> WORK TO BE COMPLETED
Copy out the data that comes next, character for character, and leave the images aside.

> SOURCE MATERIAL
━━━━━━━━
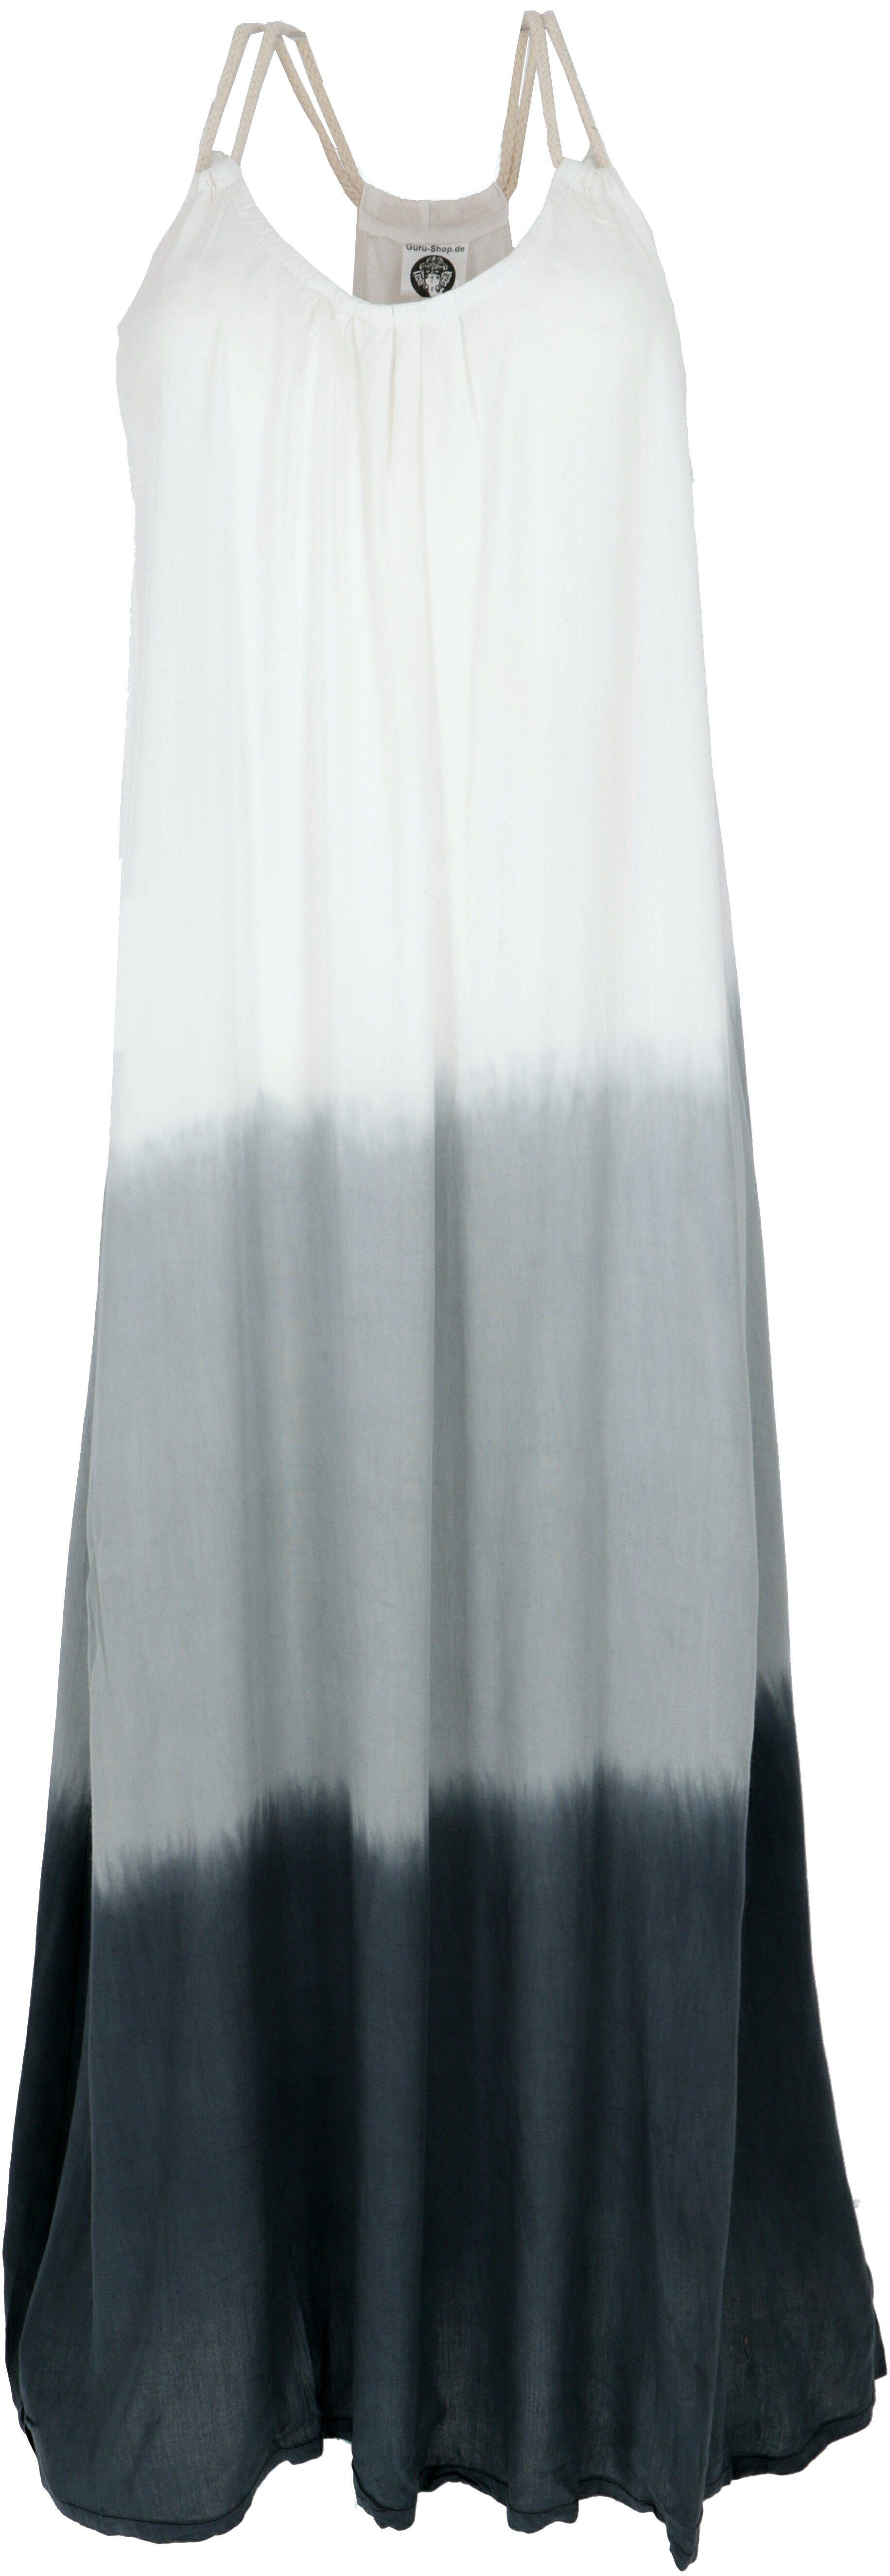 Guru-Shop Midikleid Schmales Batikkleid, Strandkleid, Sommerkleid -.. alternative Bekleidung schwarz/weiß
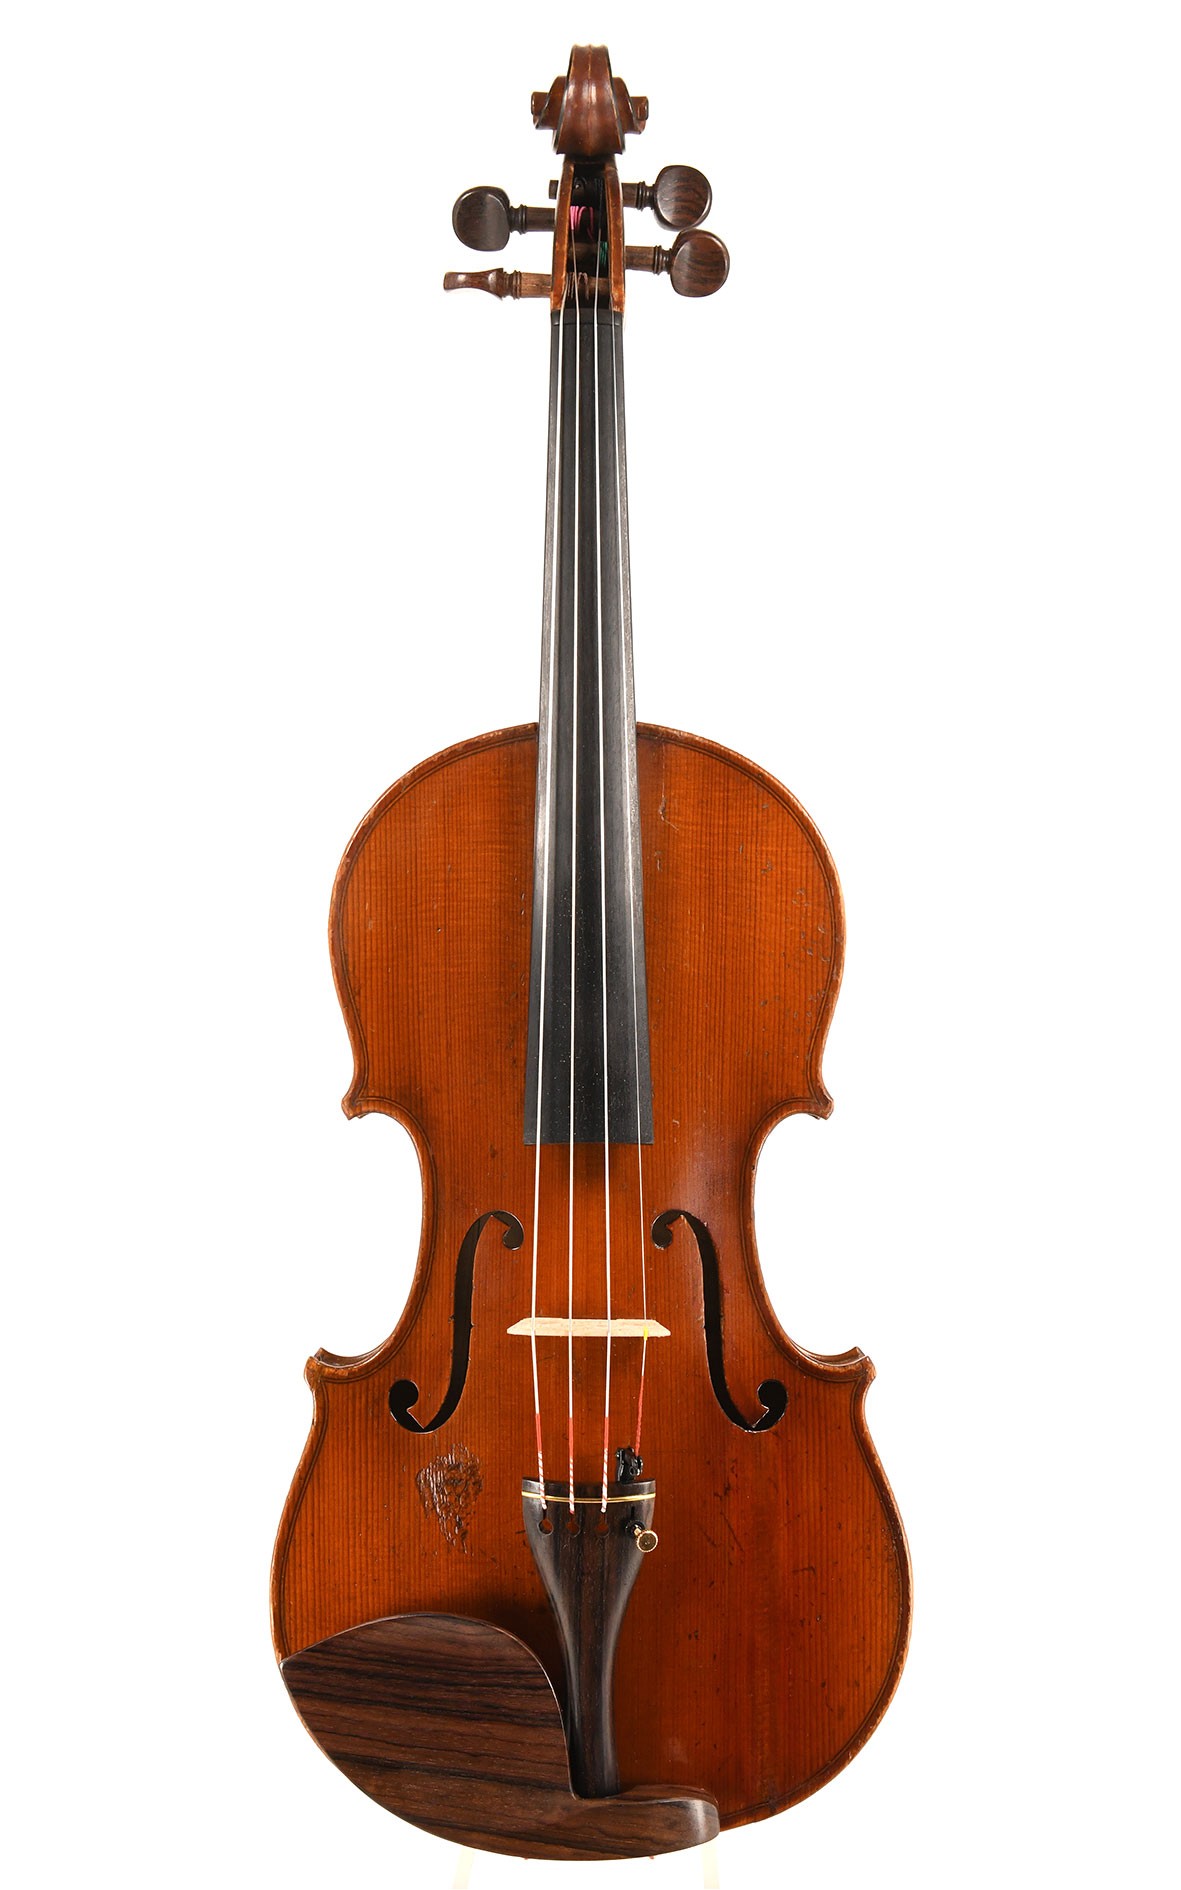 Collin-Mezin violin made in 1924
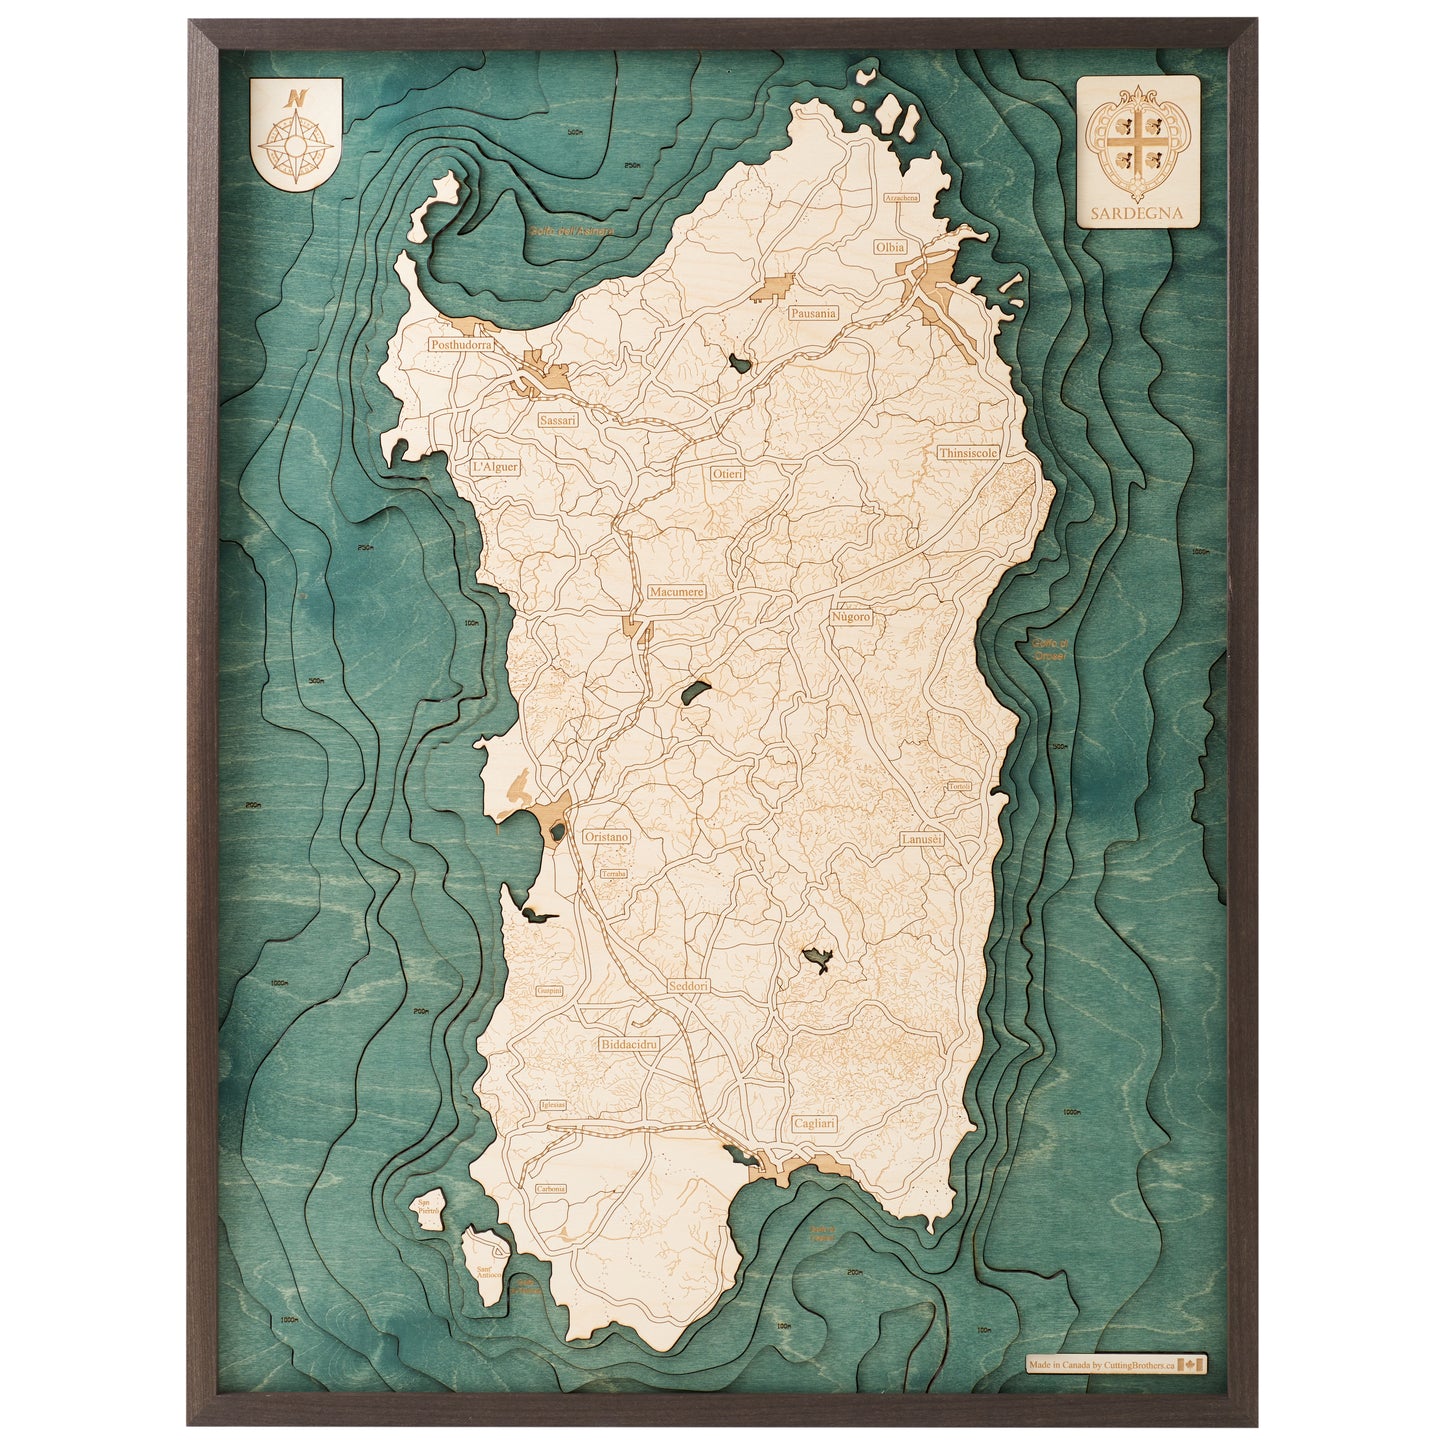 Sardinien | 3D-Holzkarte aus Holz von Cutting Brothers als Wandbild
━━━━━━━━
> REPLY TO THE TASK
 Guru-Shop Midikleid Schmales Batikkleid, Strandkleid, Sommerkleid -.. alternative Bekleidung schwarz/weiß
 Collin-Mezin violin made in 1924
 Sardinien | 3D-Holzkarte aus Holz von Cutting Brothers als Wandbild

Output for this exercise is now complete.